Hi David.  I think that I got this idea from Hobby Machinist.  The concept is very simple.  An angle grinder with a zip wheel is used to cut off a tooth with enough of a tang on it to slip into a tool holder with a slot in it.  The slot was made on a mill in a cooperative shop, but it could be made with simpler tools.  The only important thing is that the slot must fit well.  The slotted holder is mounted temporarily on my boring bar holder.  You can see a C clamp holding it on.  Note that the C clamp only keeps it from sliding in the slot.  I am not planning to part this piece all the way off.  It will be finished with a hacksaw.  There will be chatter if you run dry on cutting oil.  I use rendered lard and daub it on.
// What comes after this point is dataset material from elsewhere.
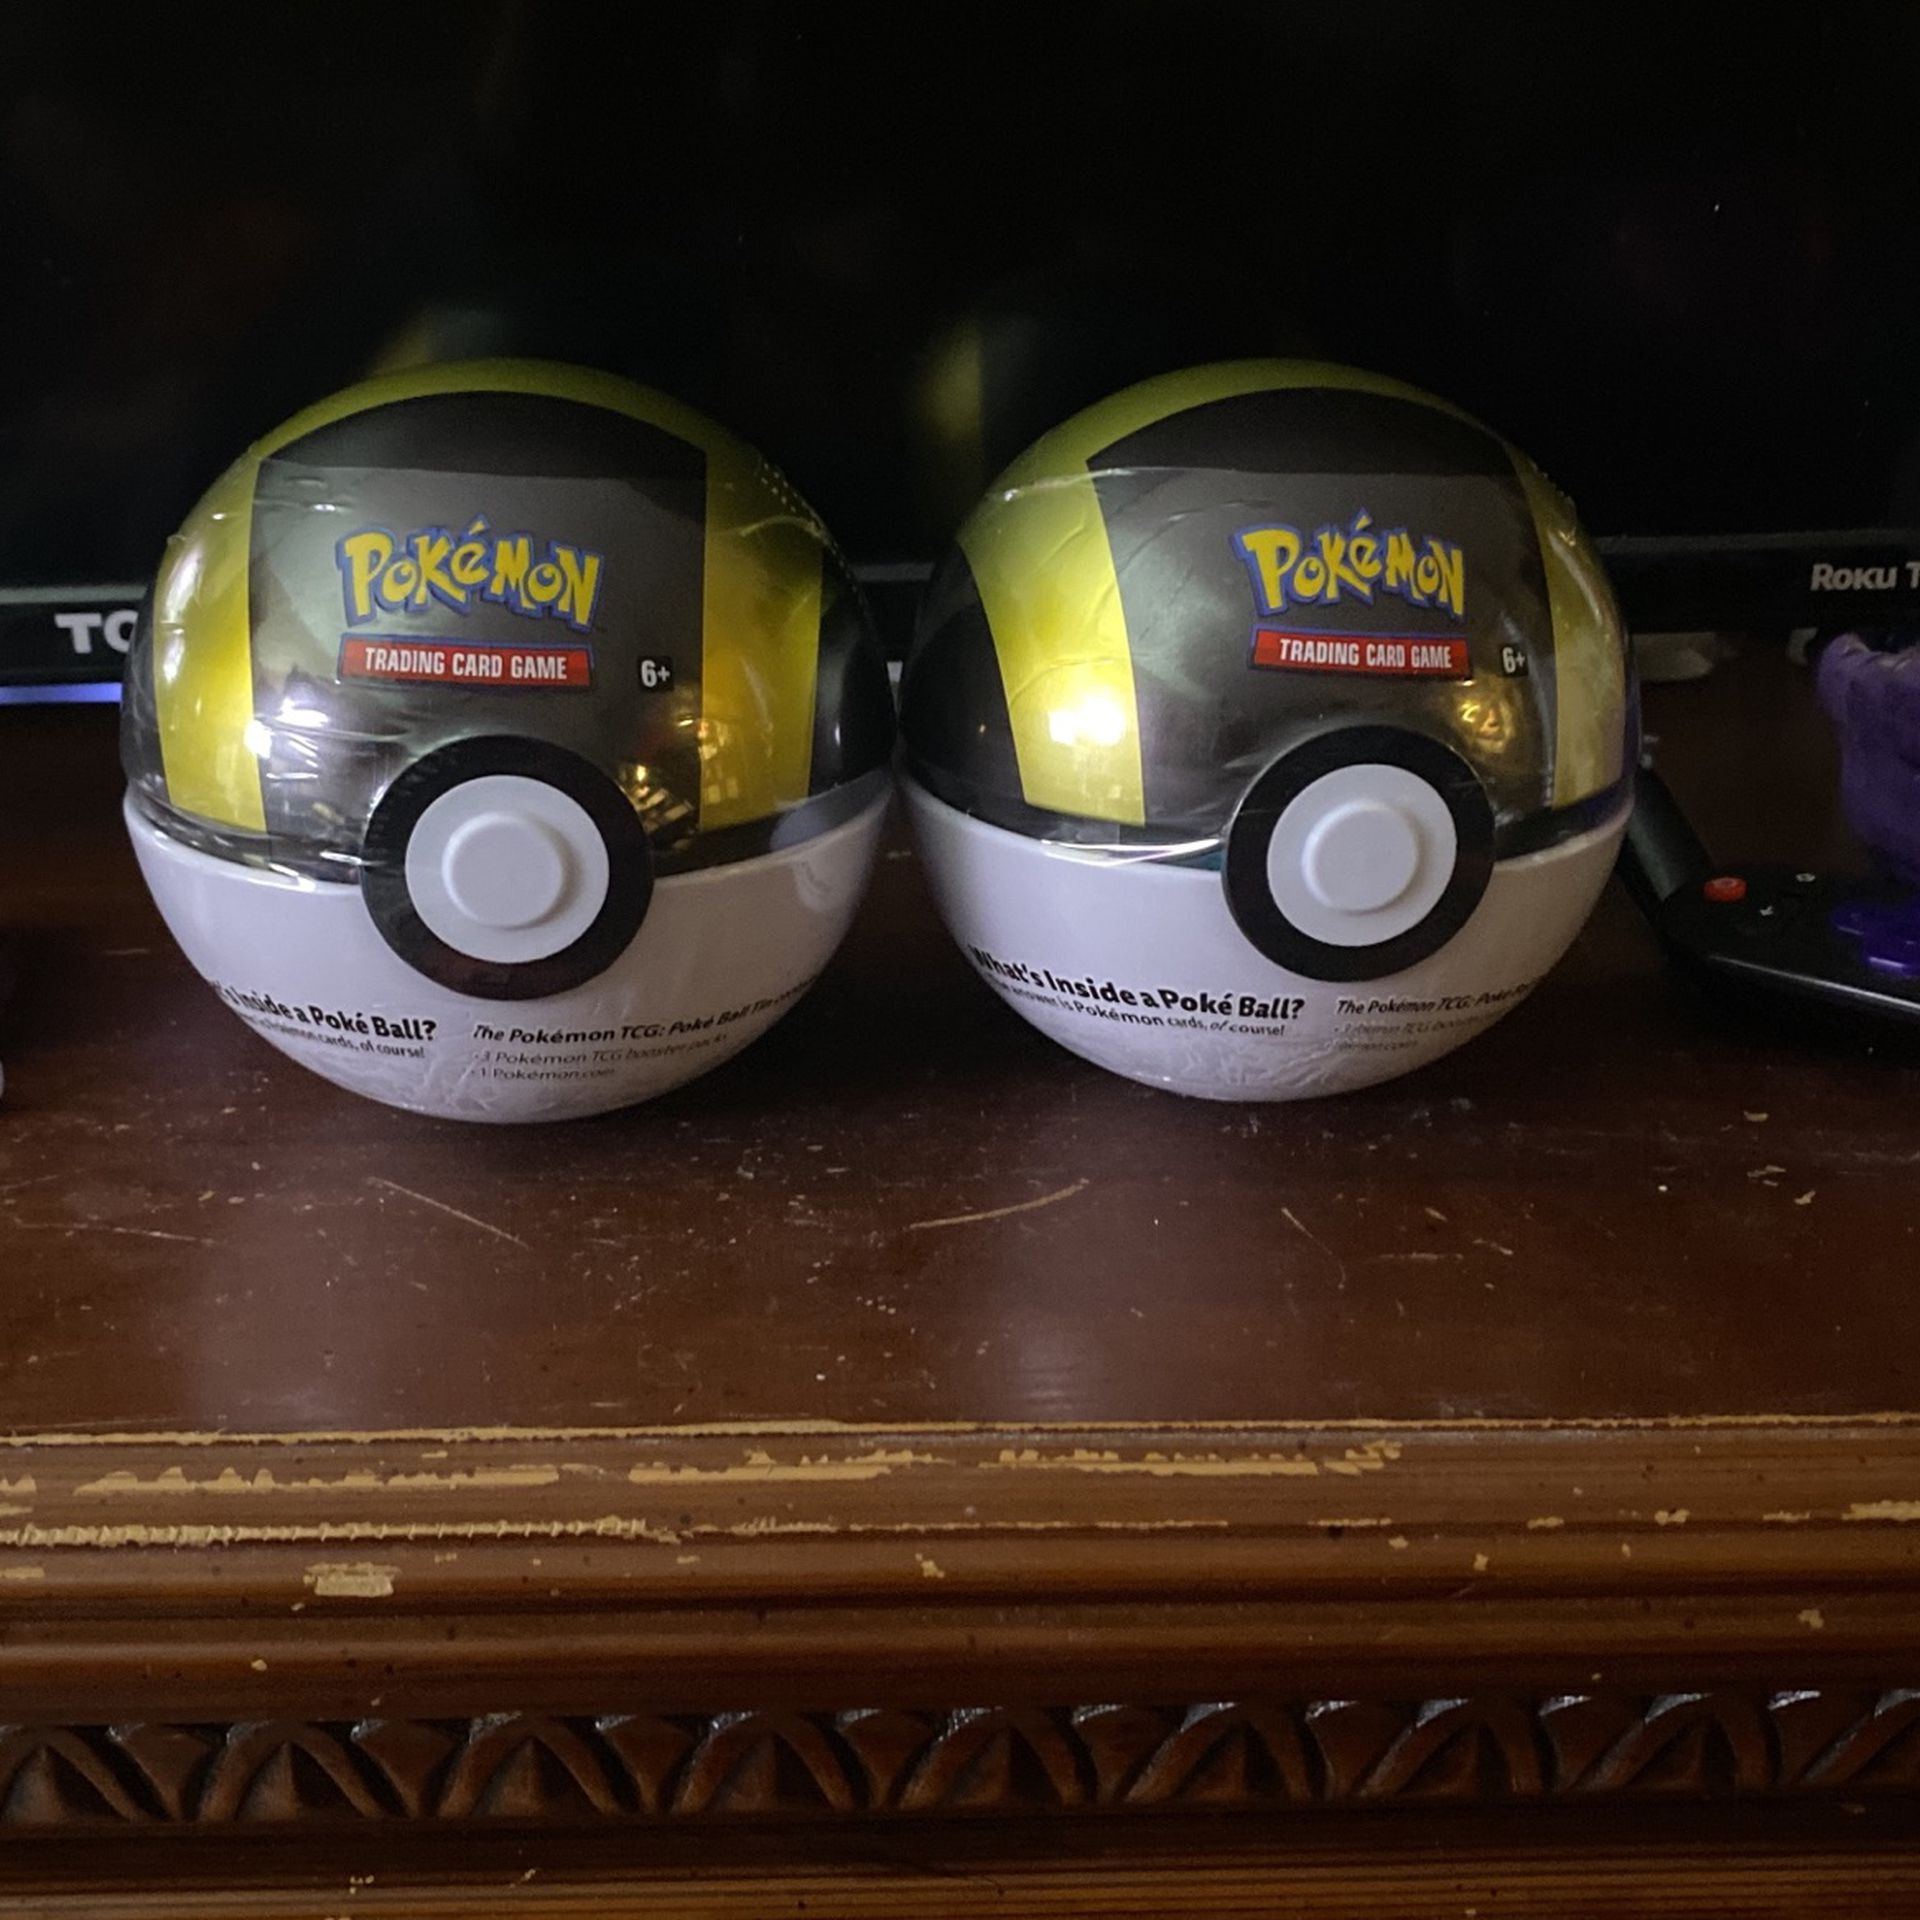 Pokémon Poke ball Collectors Tin (sealed)

This tool works much better than the standard wedge shaped HSS blade:
http://www.use-enco.com/CGI/INLMKD?SIITEM001=397-7028&SIQTY001=1&SICOUNT=1


----------



## dlane (Sep 6, 2016)

This is one way to do it


May have to hone it sharp again


----------



## pollardd (Sep 20, 2016)

I think I get it.
I'll have to keep an eye out for some old saw blades.  (I may even have some in the bottom of the bottom draw)


----------



## master53yoda (Dec 1, 2016)

One of the sure ways to bend the spindle on a 109 is to try parting on it.  the spindle just isn't heavy enough.   When i was using my 109 i always used a hand held hacksaw to part with.  Now that i have my Craftsman Commercial 12 x 36 with the 1/2 ways I still part with the saw.  I'm looking at making a new crossfeed with the rear tool post for parting as the force and chips come away from the center line of the part when  the parting tool starts to catch instead of being forced into the part and stalling the machine or breaking something.    the parting tool needs to have sufficient side rake in order to keep it from jamming into the part as it heats up or gets further into the part.  The parting tools that my sons CNC machines use have carbide inserts with the insert wider then the holder and they also have a chip breaker designed in. 

    Making the tool out of a saw blade using  the carbide saw blade cutter gives the same kind of side clearance and does work well.  it does tend to walk length ways as the saw carbide is ground at an angle.

Art b


----------



## ericc (Dec 1, 2016)

Hi master53yoda.  Yes, I am aware of this.  The lathe is really quite marginal.  I loosened the belt tension so that it would slip instead of break.  There's still enough torque to cut a pretty good chip.  I always part with a center and finish with a hacksaw.  Too gun shy.


----------